RK/RKAY makes the most of its surreal high concept

click to enlarge RK/RKAY makes the most of its surreal high concept
Mahboob (Kapoor) and his film-within-the-film love interest Gulabo (Malika Sherawat).

It's the curse of fictional cinematic characters — their very existence is a Groundhog Day-esque time loop. In their fabricated realities, they're doomed to hit the same romantic beats and suffer the same tragic deaths again and again and again.

But what if a film's protagonist just quit? Just straight up decided to keep running and leave the film and enter the real world?

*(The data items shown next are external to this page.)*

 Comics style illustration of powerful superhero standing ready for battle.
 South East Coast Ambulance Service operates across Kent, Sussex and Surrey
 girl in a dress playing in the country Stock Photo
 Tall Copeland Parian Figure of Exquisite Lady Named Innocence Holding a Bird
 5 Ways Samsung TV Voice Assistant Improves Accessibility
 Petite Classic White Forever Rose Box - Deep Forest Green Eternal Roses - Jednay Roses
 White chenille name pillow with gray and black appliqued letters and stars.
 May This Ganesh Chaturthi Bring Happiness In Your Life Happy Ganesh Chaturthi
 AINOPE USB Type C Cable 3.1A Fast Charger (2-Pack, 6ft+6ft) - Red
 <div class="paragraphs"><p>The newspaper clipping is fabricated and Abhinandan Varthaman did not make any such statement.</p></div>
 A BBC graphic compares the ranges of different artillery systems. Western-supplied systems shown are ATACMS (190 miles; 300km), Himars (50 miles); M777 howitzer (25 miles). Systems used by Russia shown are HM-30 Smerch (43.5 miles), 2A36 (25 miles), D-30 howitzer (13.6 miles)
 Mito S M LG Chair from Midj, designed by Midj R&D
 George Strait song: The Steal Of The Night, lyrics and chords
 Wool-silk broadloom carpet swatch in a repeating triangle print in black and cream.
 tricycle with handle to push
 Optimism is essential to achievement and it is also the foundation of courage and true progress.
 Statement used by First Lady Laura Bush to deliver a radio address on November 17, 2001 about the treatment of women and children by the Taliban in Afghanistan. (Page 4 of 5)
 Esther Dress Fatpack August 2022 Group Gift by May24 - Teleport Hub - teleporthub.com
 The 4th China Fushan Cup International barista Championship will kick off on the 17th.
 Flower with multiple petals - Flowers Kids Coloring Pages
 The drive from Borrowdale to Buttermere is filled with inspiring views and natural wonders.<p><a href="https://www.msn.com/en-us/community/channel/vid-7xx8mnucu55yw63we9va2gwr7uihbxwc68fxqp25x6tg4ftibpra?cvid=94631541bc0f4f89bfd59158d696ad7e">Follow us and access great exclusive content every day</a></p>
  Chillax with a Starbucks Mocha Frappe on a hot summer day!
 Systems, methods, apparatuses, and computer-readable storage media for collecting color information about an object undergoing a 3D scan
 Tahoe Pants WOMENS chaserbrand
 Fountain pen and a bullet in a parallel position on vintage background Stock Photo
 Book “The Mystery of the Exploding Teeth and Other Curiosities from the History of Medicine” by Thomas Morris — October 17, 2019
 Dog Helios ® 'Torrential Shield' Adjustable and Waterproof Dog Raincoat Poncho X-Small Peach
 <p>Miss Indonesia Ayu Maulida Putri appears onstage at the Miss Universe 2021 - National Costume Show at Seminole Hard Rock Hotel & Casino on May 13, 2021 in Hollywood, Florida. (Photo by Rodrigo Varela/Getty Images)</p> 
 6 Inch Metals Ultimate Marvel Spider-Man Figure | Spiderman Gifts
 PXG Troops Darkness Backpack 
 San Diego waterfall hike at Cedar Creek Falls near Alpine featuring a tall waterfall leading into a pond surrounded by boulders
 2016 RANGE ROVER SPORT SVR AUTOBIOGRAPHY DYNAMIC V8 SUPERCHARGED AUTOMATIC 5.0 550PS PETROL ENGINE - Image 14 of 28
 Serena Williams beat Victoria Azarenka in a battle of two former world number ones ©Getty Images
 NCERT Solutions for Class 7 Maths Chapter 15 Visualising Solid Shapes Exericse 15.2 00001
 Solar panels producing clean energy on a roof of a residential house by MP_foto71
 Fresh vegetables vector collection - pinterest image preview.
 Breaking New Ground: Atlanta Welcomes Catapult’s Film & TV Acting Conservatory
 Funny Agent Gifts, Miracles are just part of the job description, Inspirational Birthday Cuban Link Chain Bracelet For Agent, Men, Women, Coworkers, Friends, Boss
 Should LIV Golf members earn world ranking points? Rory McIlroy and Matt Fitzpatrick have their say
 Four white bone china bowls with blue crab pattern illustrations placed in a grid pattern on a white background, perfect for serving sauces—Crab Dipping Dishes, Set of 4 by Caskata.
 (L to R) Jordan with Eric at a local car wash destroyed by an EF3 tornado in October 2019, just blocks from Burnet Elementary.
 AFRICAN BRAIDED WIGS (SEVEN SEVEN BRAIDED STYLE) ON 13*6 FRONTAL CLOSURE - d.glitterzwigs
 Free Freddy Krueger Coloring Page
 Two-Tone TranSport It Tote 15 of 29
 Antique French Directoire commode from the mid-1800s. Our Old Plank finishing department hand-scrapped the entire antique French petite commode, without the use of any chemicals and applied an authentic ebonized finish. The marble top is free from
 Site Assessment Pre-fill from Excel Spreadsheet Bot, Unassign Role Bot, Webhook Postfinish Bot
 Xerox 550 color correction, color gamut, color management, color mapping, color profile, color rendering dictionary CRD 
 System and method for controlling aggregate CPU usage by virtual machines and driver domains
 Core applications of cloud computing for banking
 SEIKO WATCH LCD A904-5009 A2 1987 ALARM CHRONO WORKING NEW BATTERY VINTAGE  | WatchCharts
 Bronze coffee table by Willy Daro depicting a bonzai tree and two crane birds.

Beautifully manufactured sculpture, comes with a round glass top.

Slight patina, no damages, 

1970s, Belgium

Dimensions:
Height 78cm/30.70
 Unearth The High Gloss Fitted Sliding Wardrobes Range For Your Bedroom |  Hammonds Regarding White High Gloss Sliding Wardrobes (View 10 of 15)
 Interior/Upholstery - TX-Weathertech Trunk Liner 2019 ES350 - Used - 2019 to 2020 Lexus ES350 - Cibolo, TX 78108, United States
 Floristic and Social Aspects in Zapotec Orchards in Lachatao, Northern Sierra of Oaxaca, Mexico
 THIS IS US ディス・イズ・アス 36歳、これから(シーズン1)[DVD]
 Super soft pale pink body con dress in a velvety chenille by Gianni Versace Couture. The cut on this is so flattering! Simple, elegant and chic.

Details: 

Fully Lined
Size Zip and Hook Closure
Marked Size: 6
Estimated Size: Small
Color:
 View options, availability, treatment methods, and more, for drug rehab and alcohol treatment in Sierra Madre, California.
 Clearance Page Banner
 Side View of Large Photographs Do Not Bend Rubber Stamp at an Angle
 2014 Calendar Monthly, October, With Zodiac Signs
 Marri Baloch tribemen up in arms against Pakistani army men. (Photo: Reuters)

That's the high concept at the core of Indian writer, director and star Rajat Kapoor's latest film, RK/RKAY. Not straying far from his reality, Kapoor plays RK, a writer/director/actor making a movie that's a tribute to hard-boiled '60s cinema. In said film, he portrays the mustachioed leading man, Mahboob, who meets a calamitous end.

But during the editing process, Mahboob disappears. He's suddenly nowhere to be found on any of the footage. Not content with his fate, Mahboob ran away to the real world. Soon enough, RK finds him and must try to convince Mahboob he's a fictional creation who needs to return to the celluloid world.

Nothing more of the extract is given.